Sophie did a good job pretending that she wouldn’t get over the shock in a few months, let alone a few days. Matthew felt his shirt sticking to his chest where it was soaked from her tears.

‘Just a second. Let me see what I can do. I wouldn’t have wanted my honeymoon to be spoiled by anything like this.’

The stewardess whisked away. Matthew went on petting the sobbing Sophie. It was no torture. He hoped the stewardess would take her time. With her gone, Sophie held herself away from Matthew’s body but she stayed put.

‘Good thinking,’ he whispered into her hair.

‘Good job,’ she responded before getting on with more heavy-duty sobbing.

He stroked and she sobbed for a few minutes more. She was heaven, better than perfect. Matthew, her pretend husband, was virtually ready to marry her for real on the spot. All too soon the stewardess returned, smiling.

‘Luckily we have a couple of seats available in first class. They were booked, but nobody has shown up for them. I’ll book you in right away with the compliments of the airline.’

Within a minute they slipped away, hand in hand down the fast-track passport channel. A happy glance behind told them that the fifty or sixty frantic passengers they’d left screaming and shouting at the check-in desk were still there, still yelling. Matthew turned to Sophie.

‘Do tell me about our wedding. I seem to have forgotten it.’

She laughed. Her teeth were very white.

‘Tsk. Forgotten already? I have a good mind to divorce you.’

‘Better wait till we’re airborne. We wouldn’t want them to change their minds. That was quite a show you put on.’

‘I’ve been able to make myself cry since I was seven. I used it to make sure I never got in trouble for starting a fight, even when I had.’

They parted after passport control, she to the Harrods boutique, he to the newsagent for magazines. But their seats were together, and the armrest between them was already adorned with a bottle of champagne and flowers. Matthew, arriving first, was obliged to describe the happy day in exact detail to the inquisitive cabin crew until Sophie’s arrival rescued him.

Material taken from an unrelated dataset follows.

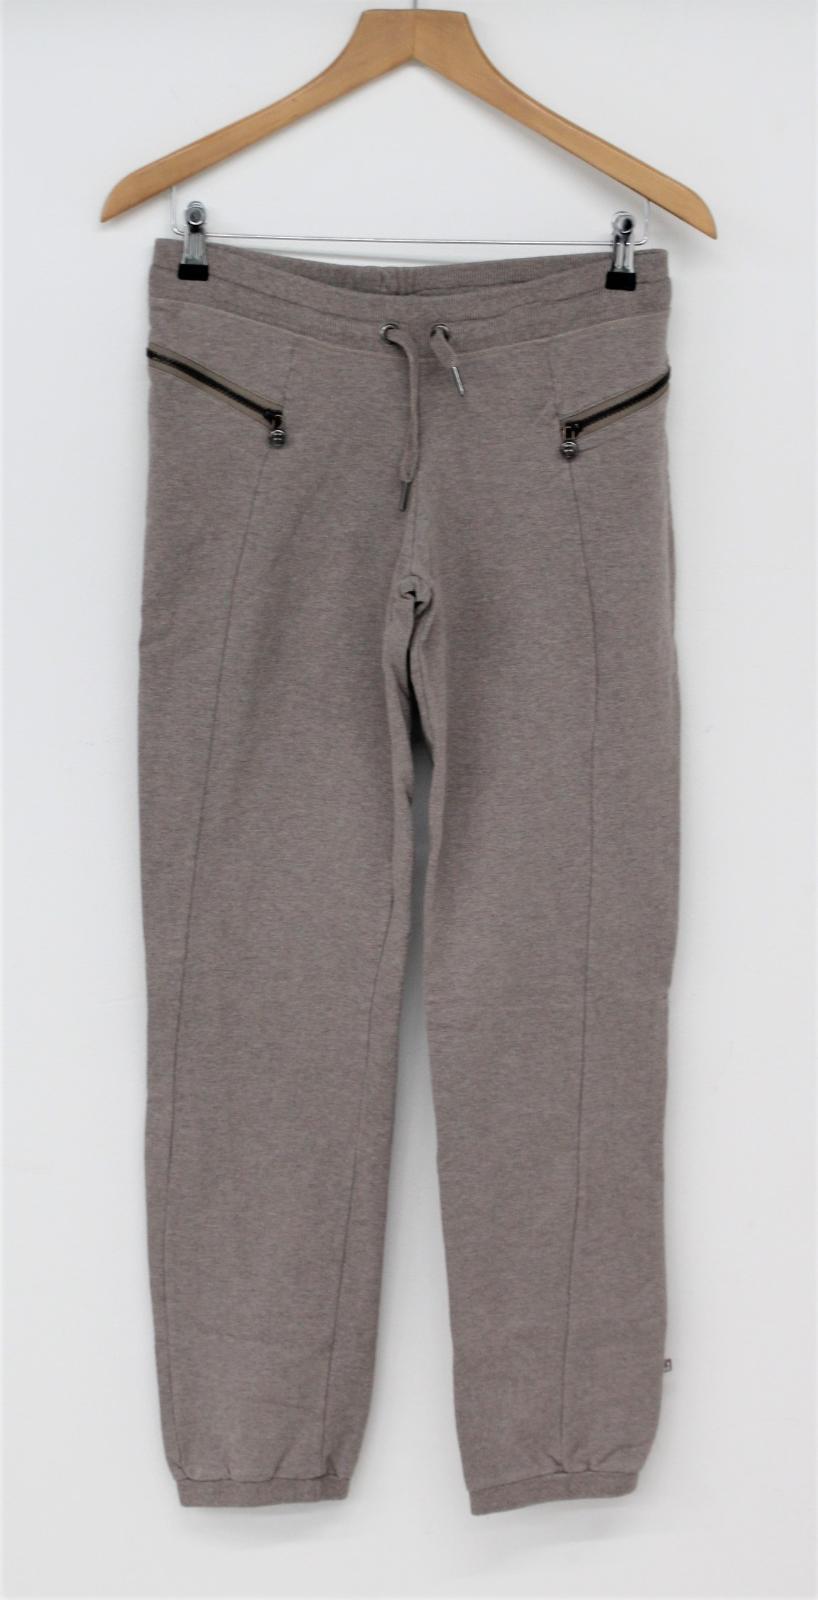 Sweaty-Betty-Damas-Malva-Mezcla-de-Algodon-Cintura-Elastica-Correr-Pantalones-S-W30 miniatura 11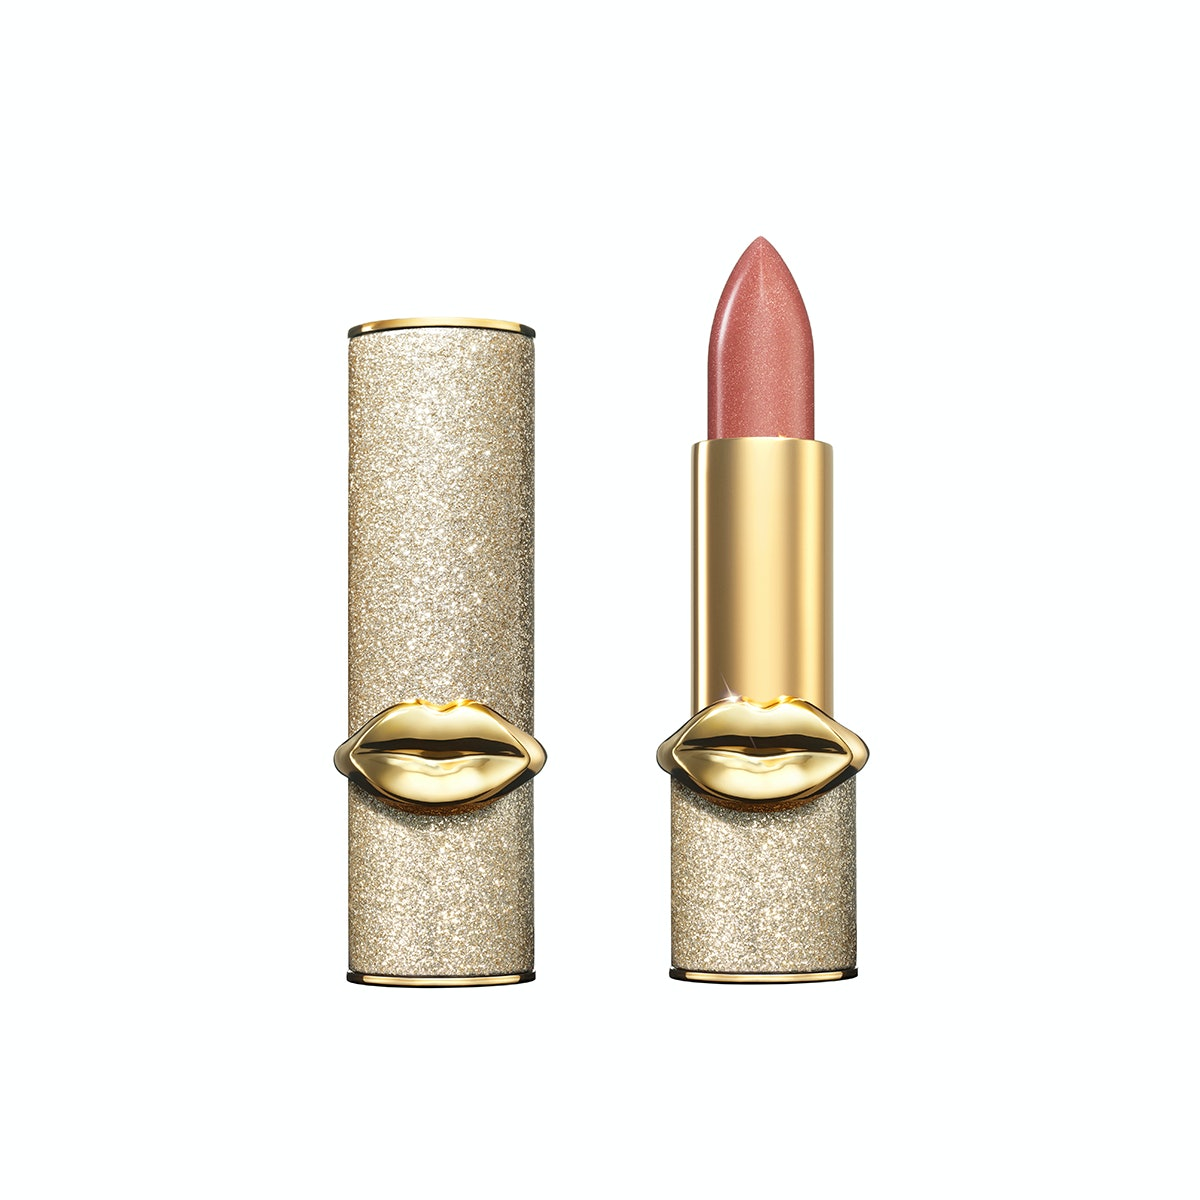 BLITZTRANCE™ Lipstick in Full Fantasy

They were left alone for a while as they made themselves at home in the luxurious seats. Matthew stretched out his legs and felt with difficulty for the seat a long way ahead of him. The menu promised good things, and a video library exclusively for first class assured him of a good evening’s entertainment. He glanced sideways again at Sophie. She had pulled a navy lambswool jumper out of her bag and had thrown it over her shoulders. She was casual, assured and beautiful. She wore her two rings on her ring finger, but Matthew could see the faint circles of pale skin which betrayed their normal positions. So she wasn’t married.

Matthew urgently wished he was more to her than a casual accomplice in a petty fraud. One of the stewardesses came over again.

‘We don’t have details of your destination address on arrival in New York. We have a complimentary limousine service to take you wherever you’re going to.’

Matthew paused. The gentlemanly thing would be to allow Sophie to give her address. He could get a cab from the airport. He already felt a sense of loss at their approaching parting. He had made up his mind to get to know her as well as he could on the flight over. If she was as great as she seemed, he’d do his utmost to mix pleasure with business during his five-month stay in New York.

Sophie pulled out an address slip. ‘It’s the intersection of Park Avenue and 75th Street. Upper East Side.’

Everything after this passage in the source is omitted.